Improve macro table performance
In the existing implementation, when a new macro is added, the whole
table has to be sorted again. Hence the cost of adding n macros is
worse than O(n^2), due to arithmetic progression.
This change drops all qsort(3) stuff altogether, by carefully preserving
table in sorted order. In findEntry routine, bsearch(3) is replaced
with customized binary search which tracks position for insertion.

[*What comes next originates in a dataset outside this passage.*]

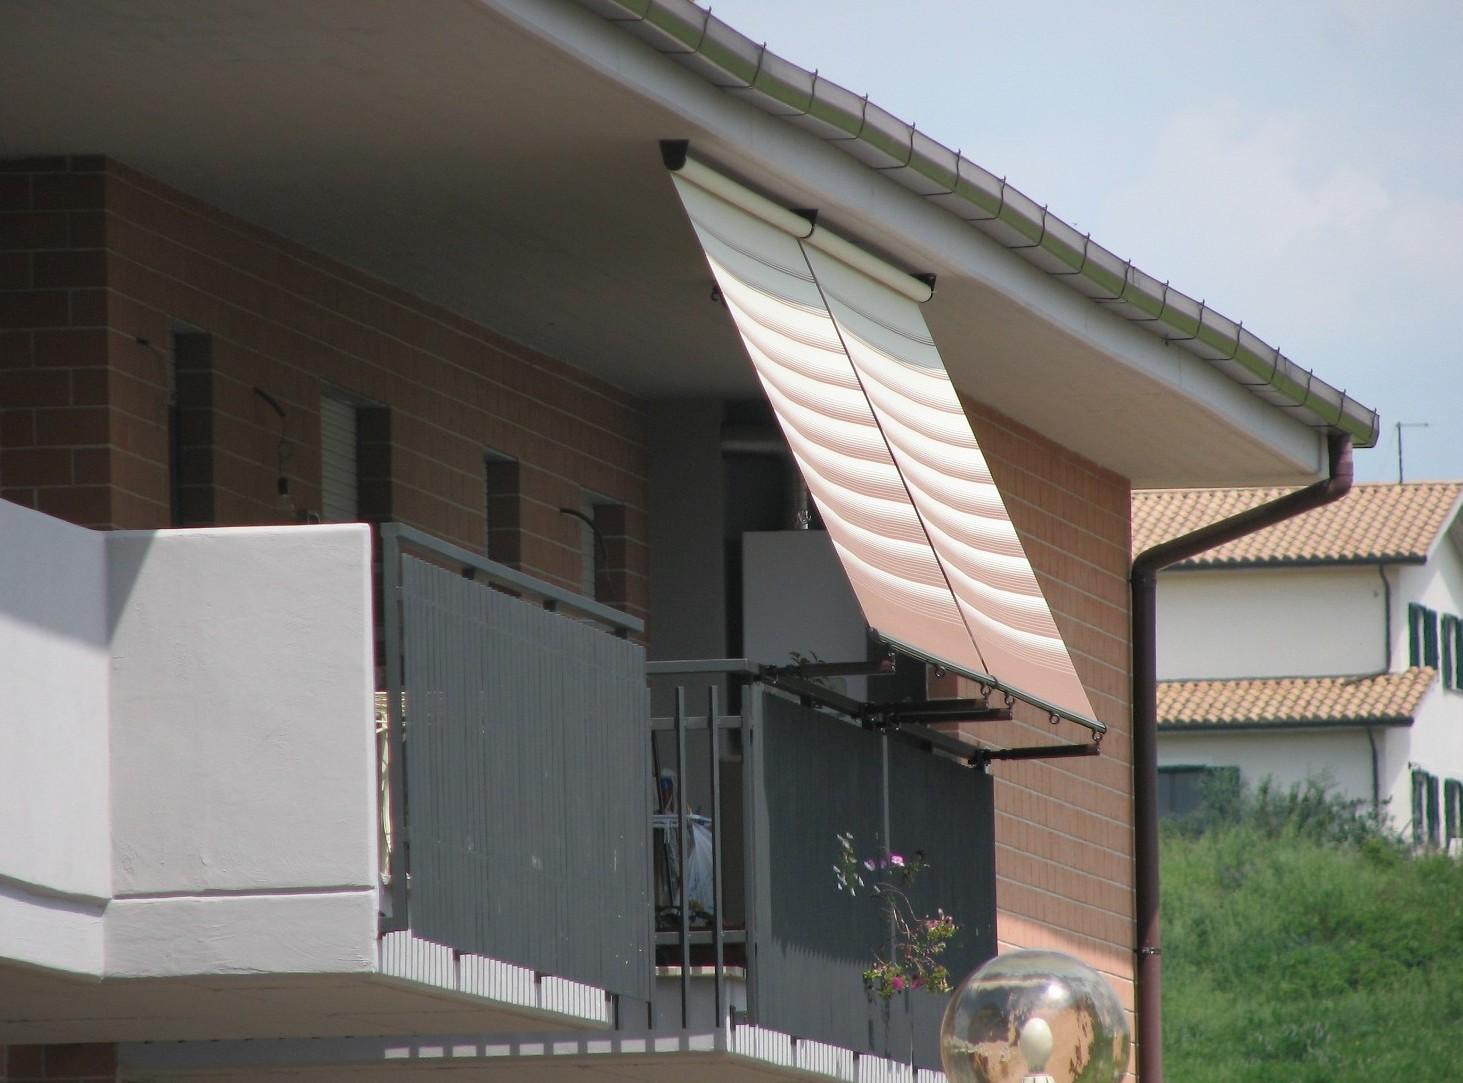 Tende da sole sul balcone in condominio a casa, tutte le regole e leggi in vigore

In the addMacro routine, if a matching entry is not found, this
position is used for direct insertion, after the rest of the elements
are "shifted to the right" with memmove(3). Likewise, in delMacro
routine, the elements are shifted back to the left when the last macro
definition is popped. Technically, shifting half of the array with
memmove(3) is still O(n^2); however, modern CPUs process contiguous
memory in a very efficient manner, and glibc provides a fine-tuned
memmove(3) implementation.
Also, macro table entries are now allocated in a single chunk.
This change reduces rpm startup costs by factor of 6. Also, this change
improves specfile parser performance by a factor of 2 (e.g. the parse
time of texlive.spec is reduced from 67s to 35s).
Signed-off-by: Panu Matilainen <pmatilai@redhat.com>
(cherry picked from commit
301d5450a1c7849f9eb4ead11d00c8a20ea6a6bd)